Dalam buku ini juga memuat tentang bahwa undang-undang peninggalan kolonial itu ipso jure tidak berlaku karena nilainya sudah bertentangan dengan UUD 1945. Hal ini tercantum dalam maklumat pemerintah tanggal 10 oktober 1945. Dalam buku ini memberikan solusi bahwa di indonesia yang berlatar belakang mempunyai berbagai budaya, adat, dan agama, mempunyai hukum yang hidup dalam masyarakat (living law) karena hukum ini telah lebih eksis daripada hukum kolonial. jadi, pemerintah atau lembaga yang berwenang membentuk UU hanya perlu untuk menggali hukum yang hidup dalam masyarakat.

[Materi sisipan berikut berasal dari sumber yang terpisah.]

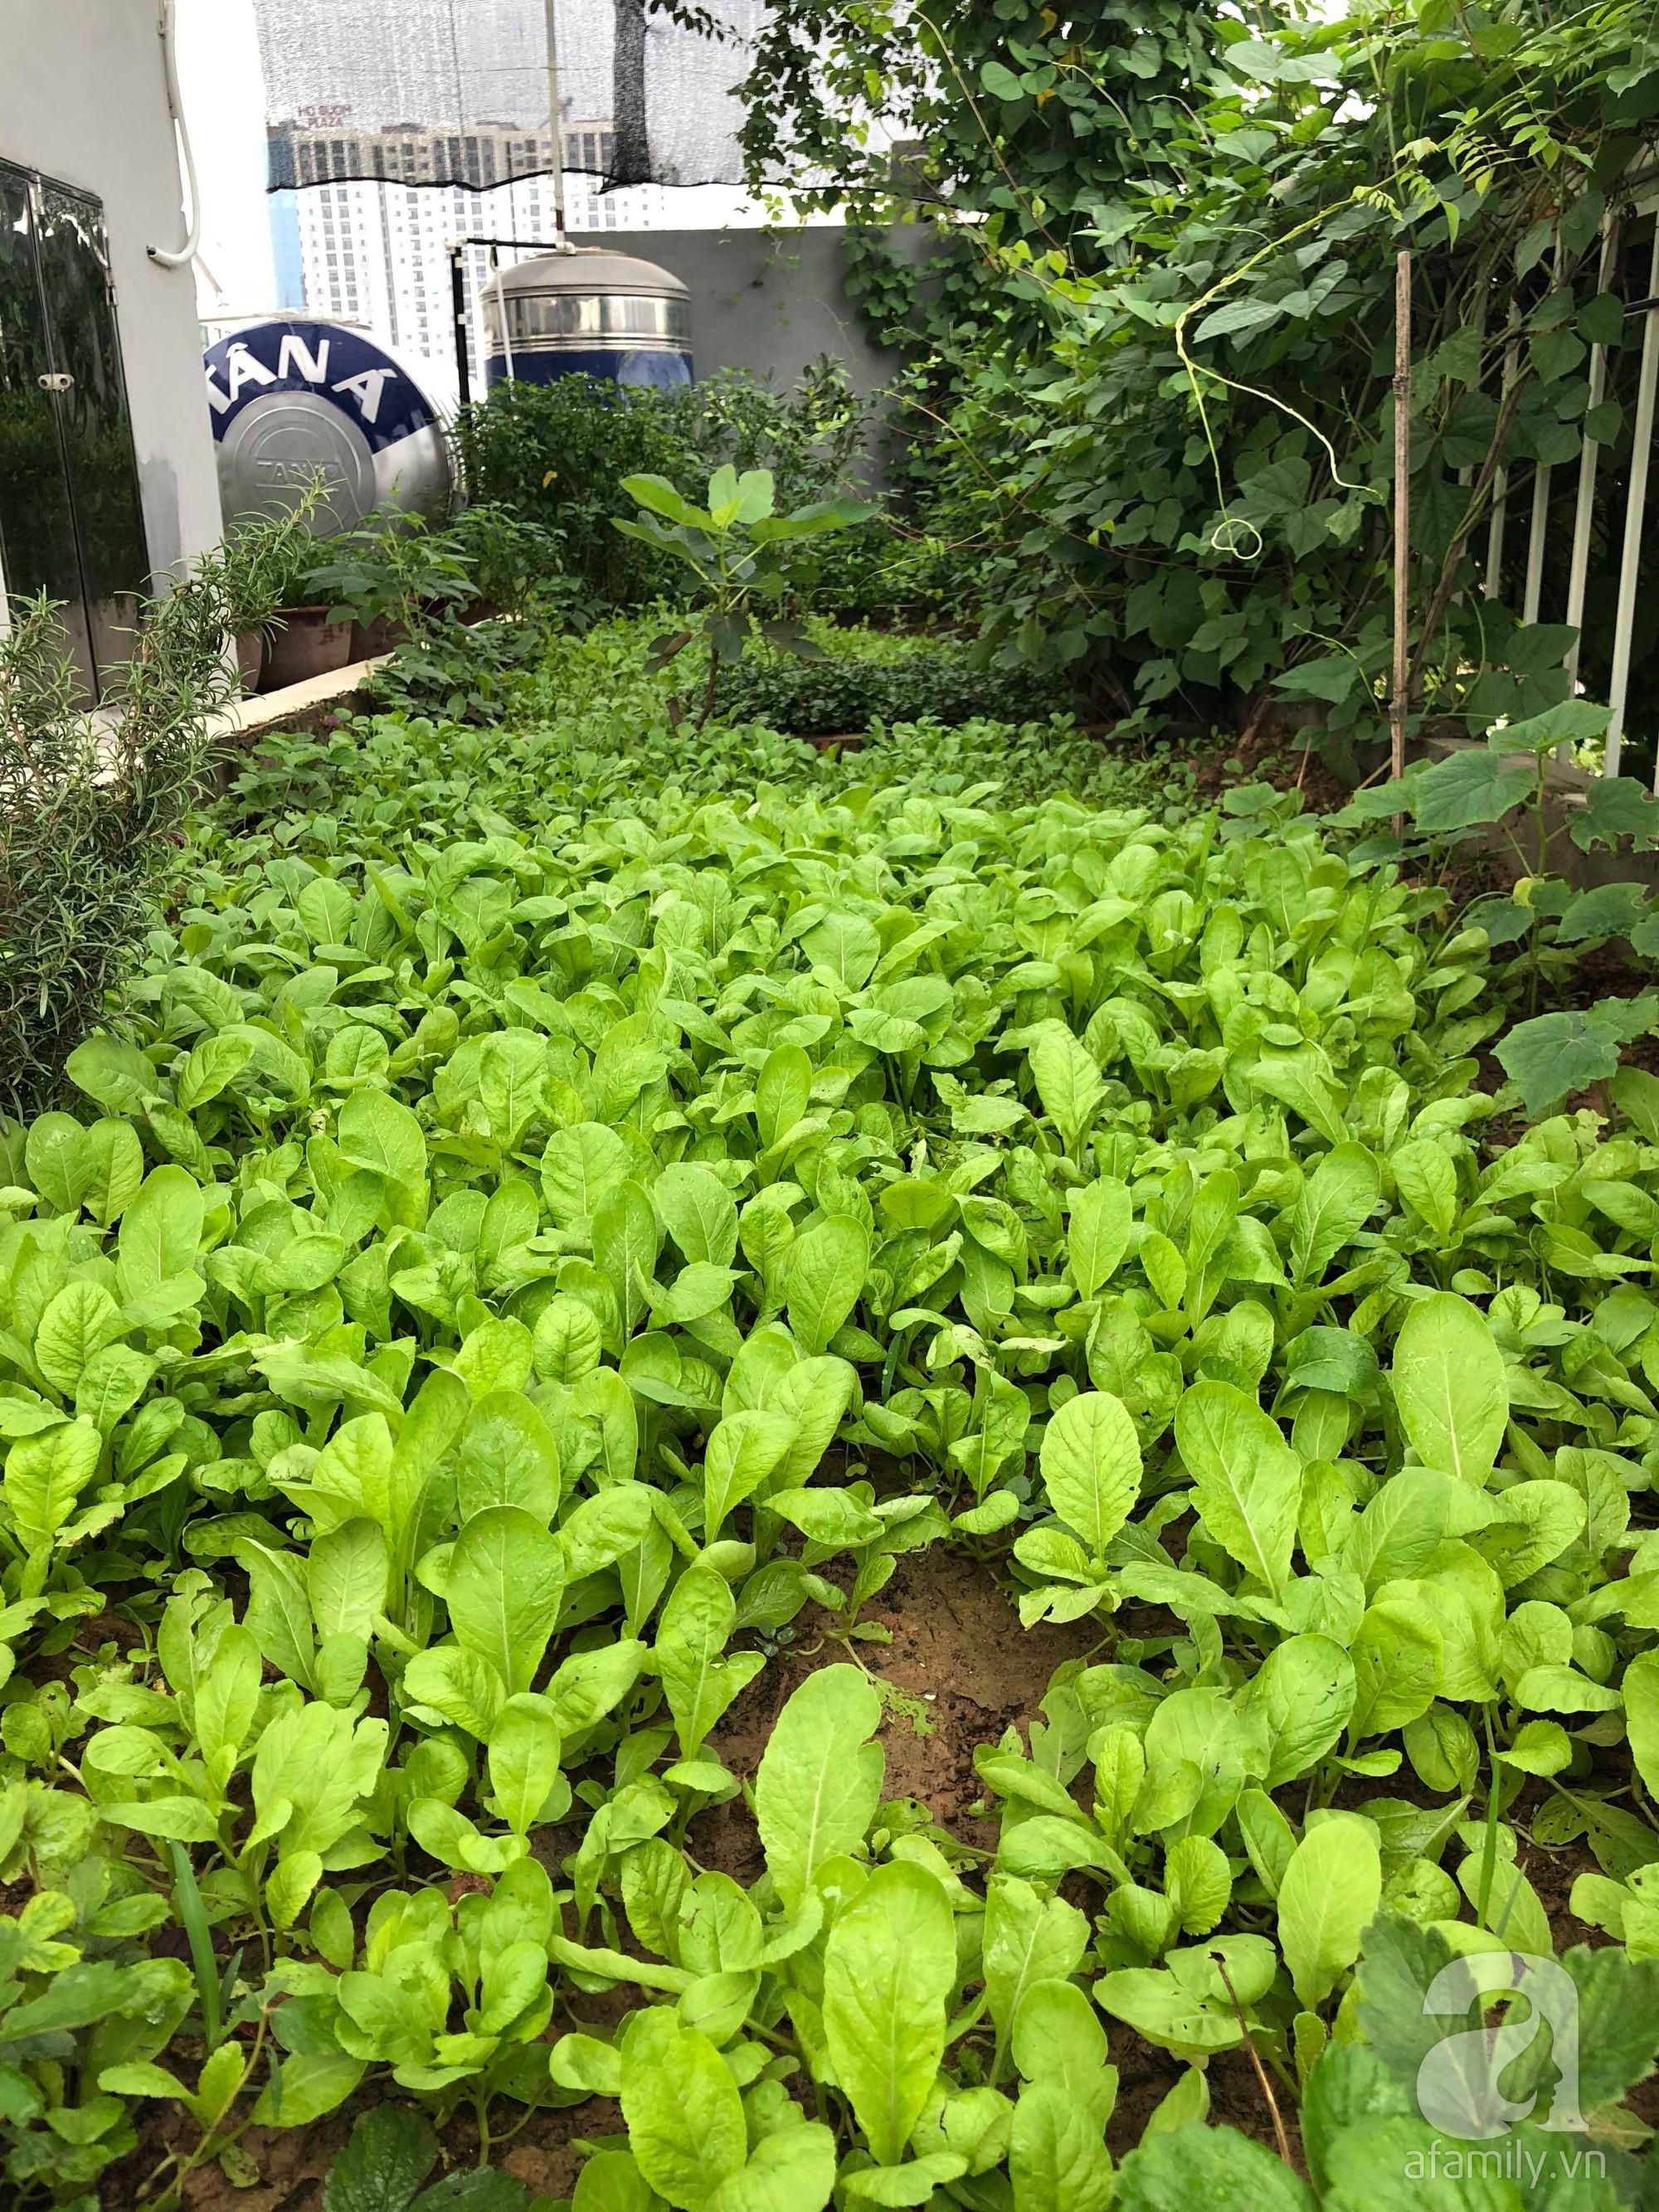 Khu vườn trên sân thượng rộng 200m² đẹp ngỡ ngàng với trăm loài hoa đua nhau khoe sắc ở Hà Nội - 33
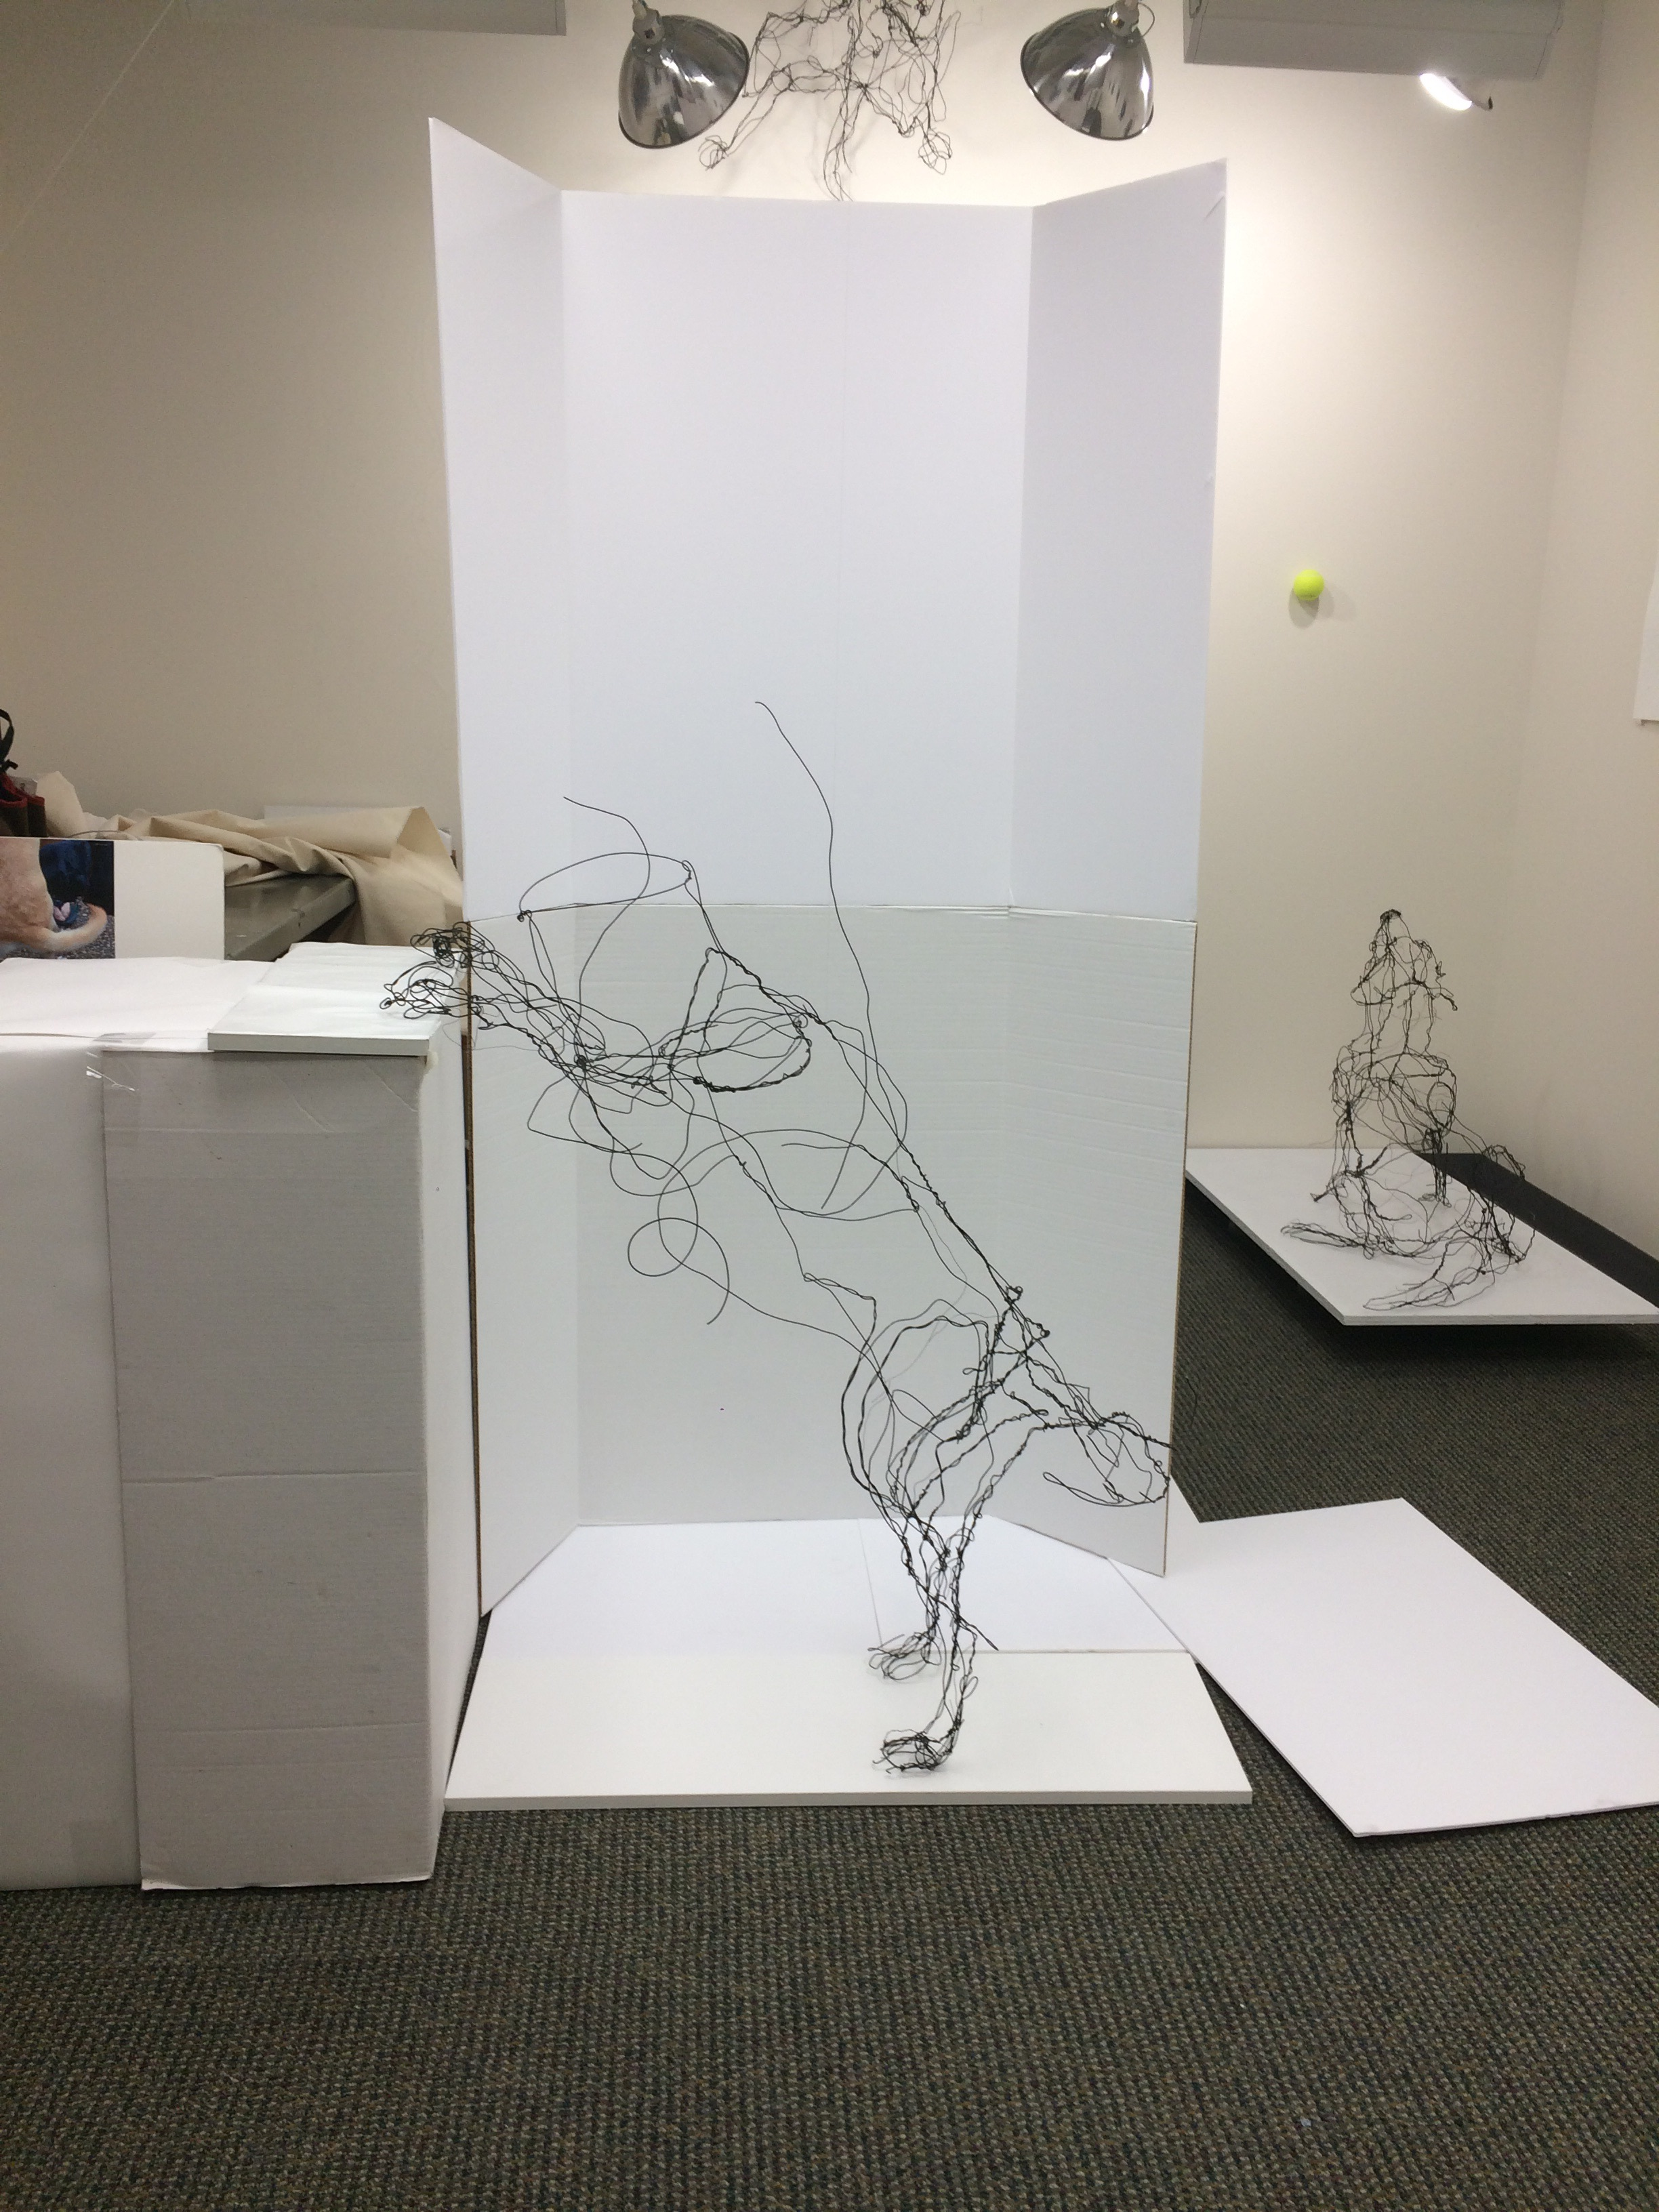 More wire

Pembentukkan undang-undang di indonesia juga masih di intervensi oleh pihak asing, contohnya undang-undang anti teroris. Undang-undang ini lahir belum lama setelah peristiwa bom bali. Pada saat itu pemerintah mendapatkan tekanan internasional untuk menjerat pelaku, maka lahirlah Perpu No. 1/2002 dan akhirnya menjadi UU No. 15/2003 dan Perpu No. 2/2002 menjadi UU No. 16/2003. Menurut Prof. Dr. Baqir Manan berpandangan perpu dirancang hanya berkaitan pelanggaran di bidang pemerintah, tidak boleh mengatur hal-al yang bersifat kenegaraan maupun berkaitan dengan perlindungan dan jaminan hak-hak dasar rakyat. Disini nyata-nyata sungguh luar biasa rampasan hak kemerdekaan seseorang warga sampai diatur dalam Perpu. Intervensi asing di Indonesia ini adalah Amerika serikat dan sekutunya. Dengan berkedok kampanya anti teorisme global amerika serikat juga mengusung misi neoimperialisme.
Pada akhrinya saya beranggapan bahwa buku ini adalah merupakan luapan penyesalan para cendikia indonesia yang merasa tidak setuju dengan massih diberlakuannya undang-undang peninggalan kolonial.